I will reply tomorrow i was still in a pretty sad place tonight. Thinking of everyone xx

mummylin Fri 14-Dec-12 10:52:52

I think thats what we all do ssd just try to cover up and pretend we are ok.Some people if we were to say "well actually,i am still grieving for my mum" etc ,they would not know what to say or would ignore that and change the subject. People can be very thoughtless and that word just about sums them up.If they have not experienced a death of a parent ,they have no idea how awful it is and what a huge hole it has left in our lives.Then and only then will they realise and probably be saying exactly what we all do.Hope you all have a reasonable day today xx

crazykat Fri 14-Dec-12 11:13:38

Thinking of you ssd.

maybe DH can be a bit like that, he doesn't know what it's like as he has his parents. Although I do too for now, mum doesn't have long left and it's heartbreaking. The best thing I've found when DH is being like that is to write down how I feel, it helps just to get it all out.

There must be something about robbins, one of my earliest memories is watching robbins through the window with my mum and nan. I haven't seen one in years but the other day there was one hopping along the path.

It's so hard right now, even though I know every extra day with mum is a blessing I can't help thinking that everything we do will be the last time we get to do it together. Yesterday was DD1s first christmas play and mum came to watch. It was lovely and another memory I'll have but at the same time it was aweful knowing that she'll not see another one.

We've told the two eldest DCs that mum will have to go to the angels to be with nan, I don't think DS1 understood fully but DD1 did. I felt horrible for telling them but the cancer nurse told me it's best to prepare them so it will hopefully be less of a shock when the time comes.

I feel a bit of a fraud posting on here as mum's still here. In some ways I feel like I've already lost her as I know that she doesn't have long left. I'd give anything to have her for longer, she's only 53, she should have years and years left, not just a couple of months.

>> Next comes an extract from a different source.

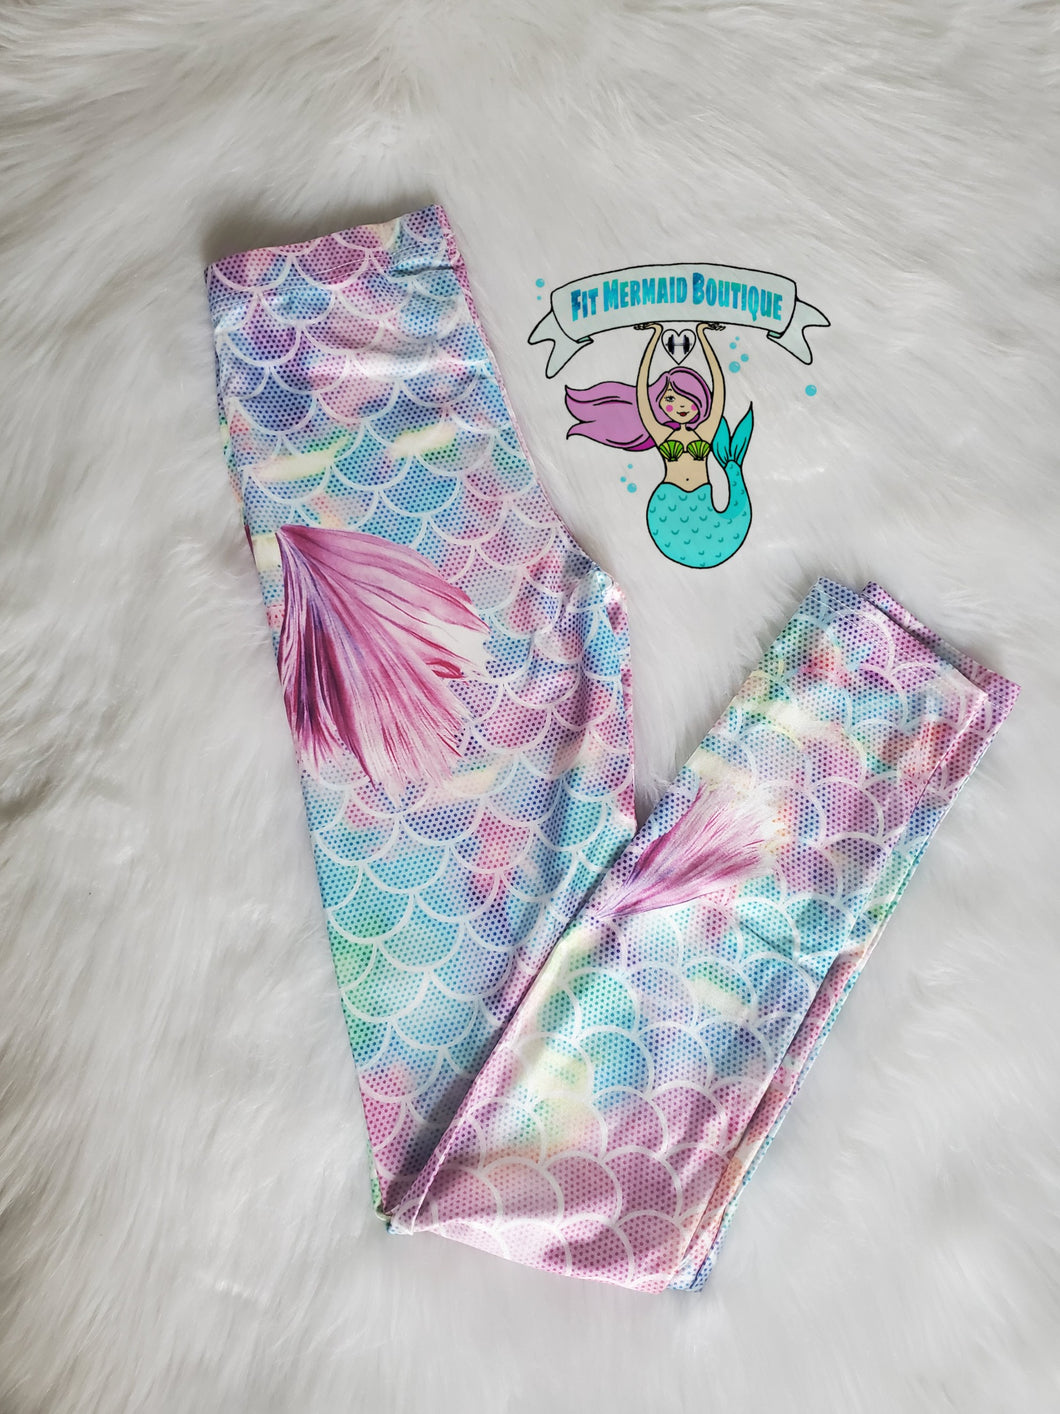 Pink Mermaid tail leggings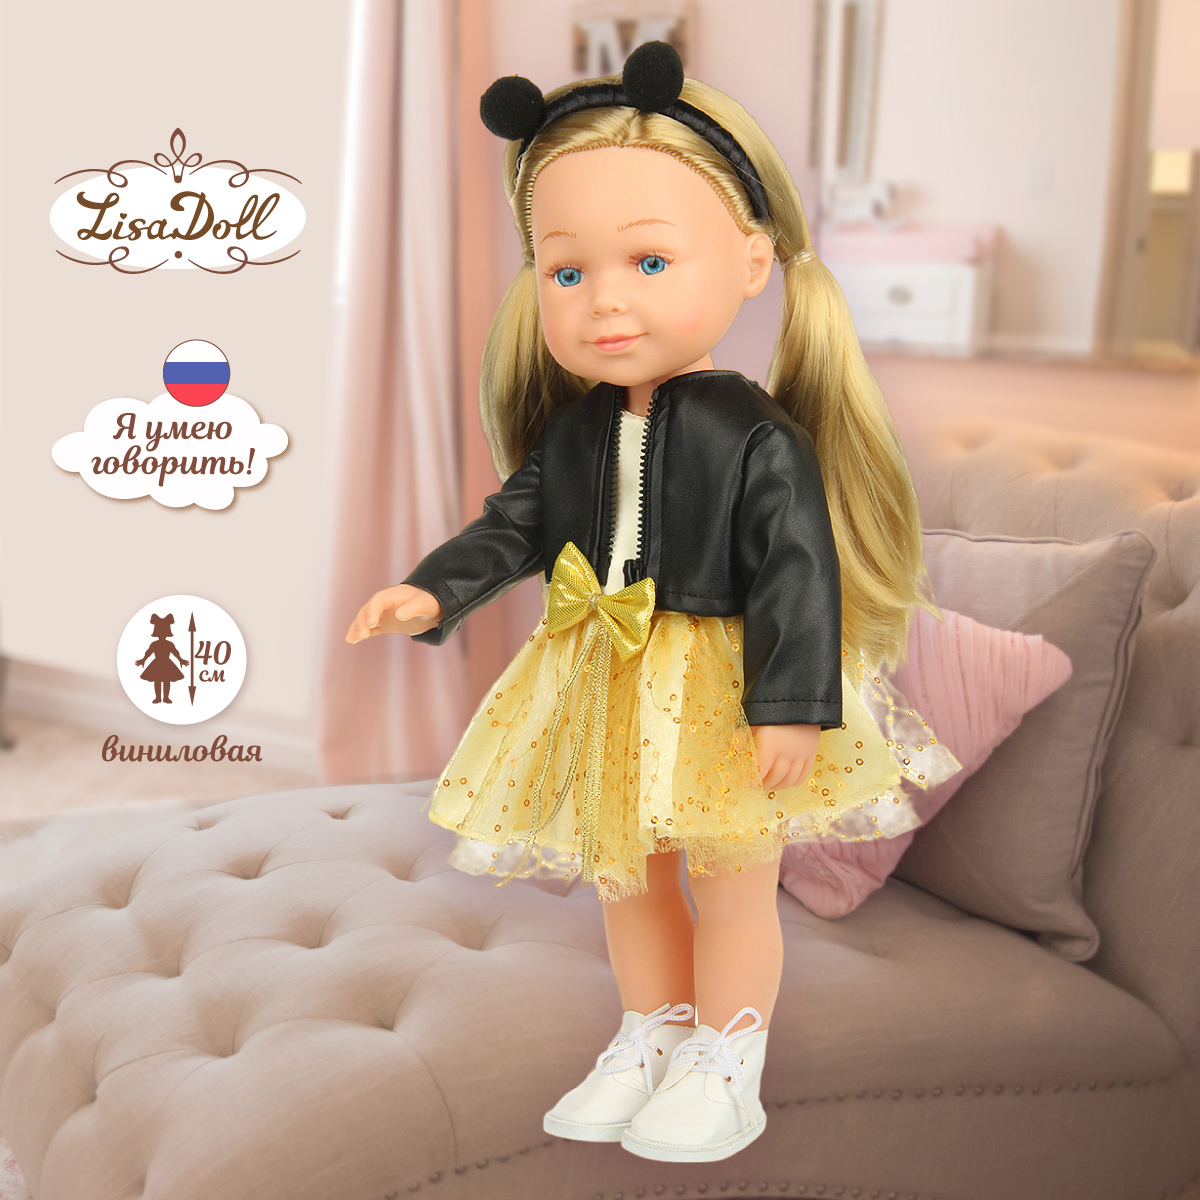 Кукла говорящая Lisa Doll интерактивная 40 см 131756 - фото 1

Thinking of you all and hoping today is a good one xx

couldthisbeit Fri 14-Dec-12 11:25:11

Hi, I hope you don't mind me joining you all. Just need a place to see that I will get through this. My dear mum passed away last Friday, two weeks to the day after being diagnosed with lung and liver cancer. It all happened so fast and I feel like I am in a terrible bubble where nothing is the same, nothing is right. I can't imagine life without her. I have a gorgeous 17 month old son and am 20 weeks pregnant with number two. They and my dp are keeping me putting one foot in front of the other but all I want is my mum.
I am not a big poster but do get comfort from reading your posts. I am truly sorry that you are all going through this too.

gymboywalton Fri 14-Dec-12 13:19:13

couldthisbeit-i am really really sorry that you have had cause to join us on this thread. I know exactly how you feel-when my dad passed i felt almost like alien for weeks. it was like everything was strange and wrong and i wasn't part of the same world.

the only comfort i can offer is that it does get easier-you will never get over it but you will get to a point where you have bad days rather than having good days -does that make sense?